It was a good episode. Yes, I was expecting a short nod to John Spencer, but they did dedicate an episode already. How do you acknowledge someone four months after the death that happened during the season run? Now what will be a time to show his work will be when they do the series final retrospective episode. 

As for how the show was, it looks like it could have been a good season if not for this being the last. Santos lining up good people for the new West Wing...


----------



## bdlucas (Feb 15, 2004)

Nice touch with the president as pallbearer. But it seemed a bit risky and unrealistic with his MS...


----------



## drew2k (Jun 10, 2003)

USAFSSO said:


> It was a good episode. Yes, I was expecting a short nod to John Spencer, but they did dedicate an episode already.

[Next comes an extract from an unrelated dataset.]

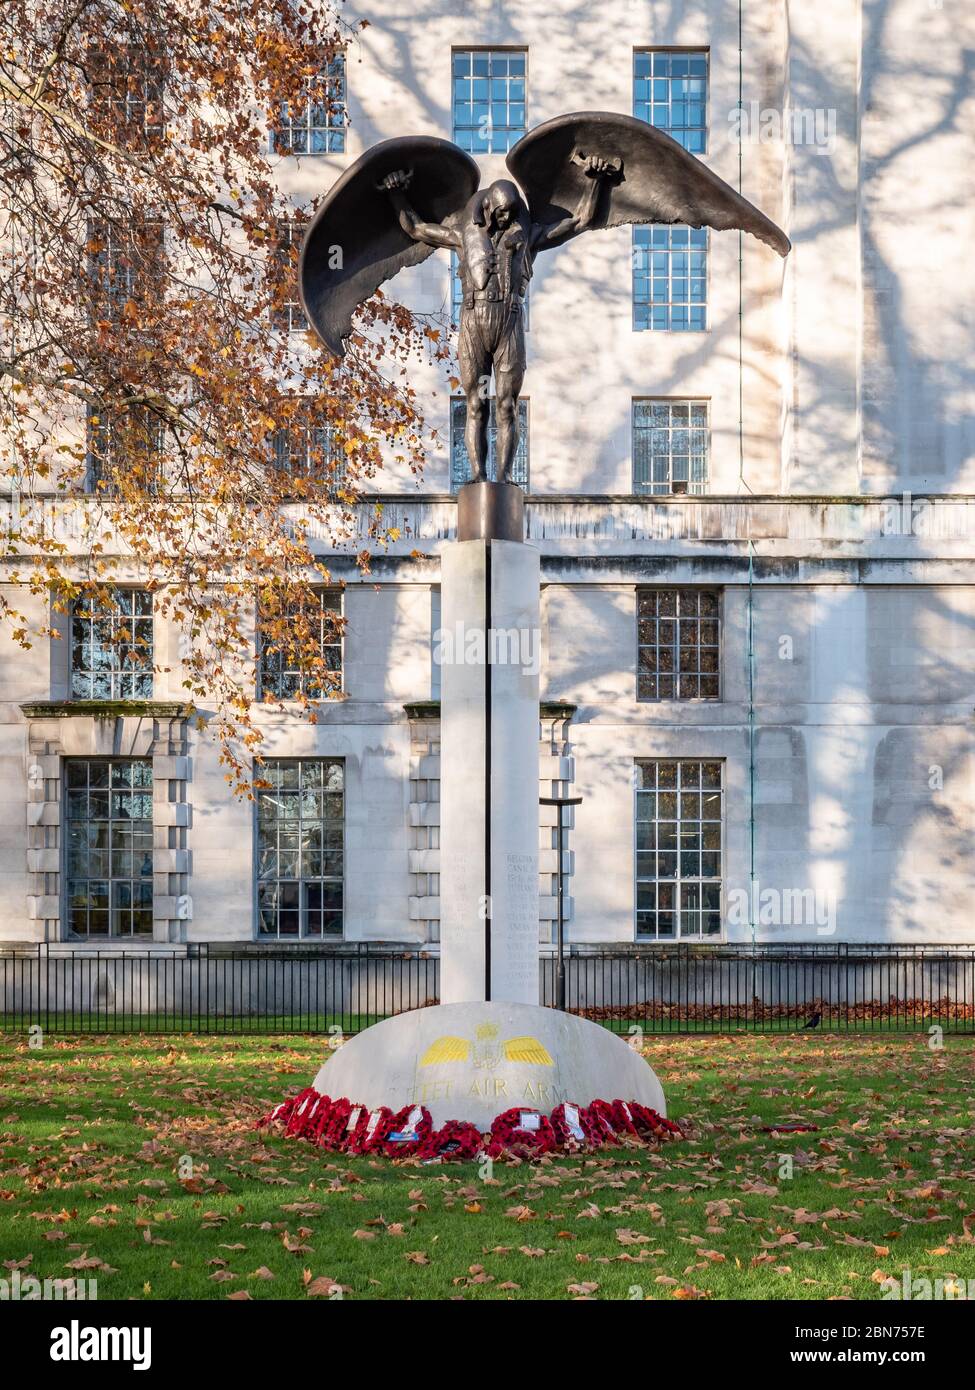 Le mémorial de la flotte Air Arm, Daedalus, par le ministère de la Défense, Whitehall, Londres. Hommage au Royal Naval Air Service et au Fleet Air Arm du Royaume-Uni. Banque D'Images

I don't recall any specific episode that was dedicated to John Spencer, but before the start of the first episode after Spencer's death, Martin Sheen did say something along the lines of "We have lost a dear friend and he would want the show to go on." (Yes, liberally paraphrased.) Is this the dedication to John Spencer that you're talking about? I'm really hoping that was NOT the final remembrance this show will have for the actor.


USAFSSO said:


> How do you acknowledge someone four months after the death that happened during the season run?


In the early 80's, the show Dallas waited until almost the end of the season to acknowledge the passing of actor Jim Davis, who died very near the start of the season (or maybe even before). Even though it was public knowledge that Jim Davis passed, the show waited most of the season to "kill off" his character, Jock. They timed the memoriam to Jim Davis to coincide with "Jock's death". So there is some precedent for acknowledging an actor's passing well after the actual event.


----------



## mike_k (Sep 20, 2005)

drew2k said:


> There was only one person shown whom I did not recognize, a blonde woman, and after seeing the credits I realized I hadn't spotted Marlee Matlin. Did she go blonde and put on some weight?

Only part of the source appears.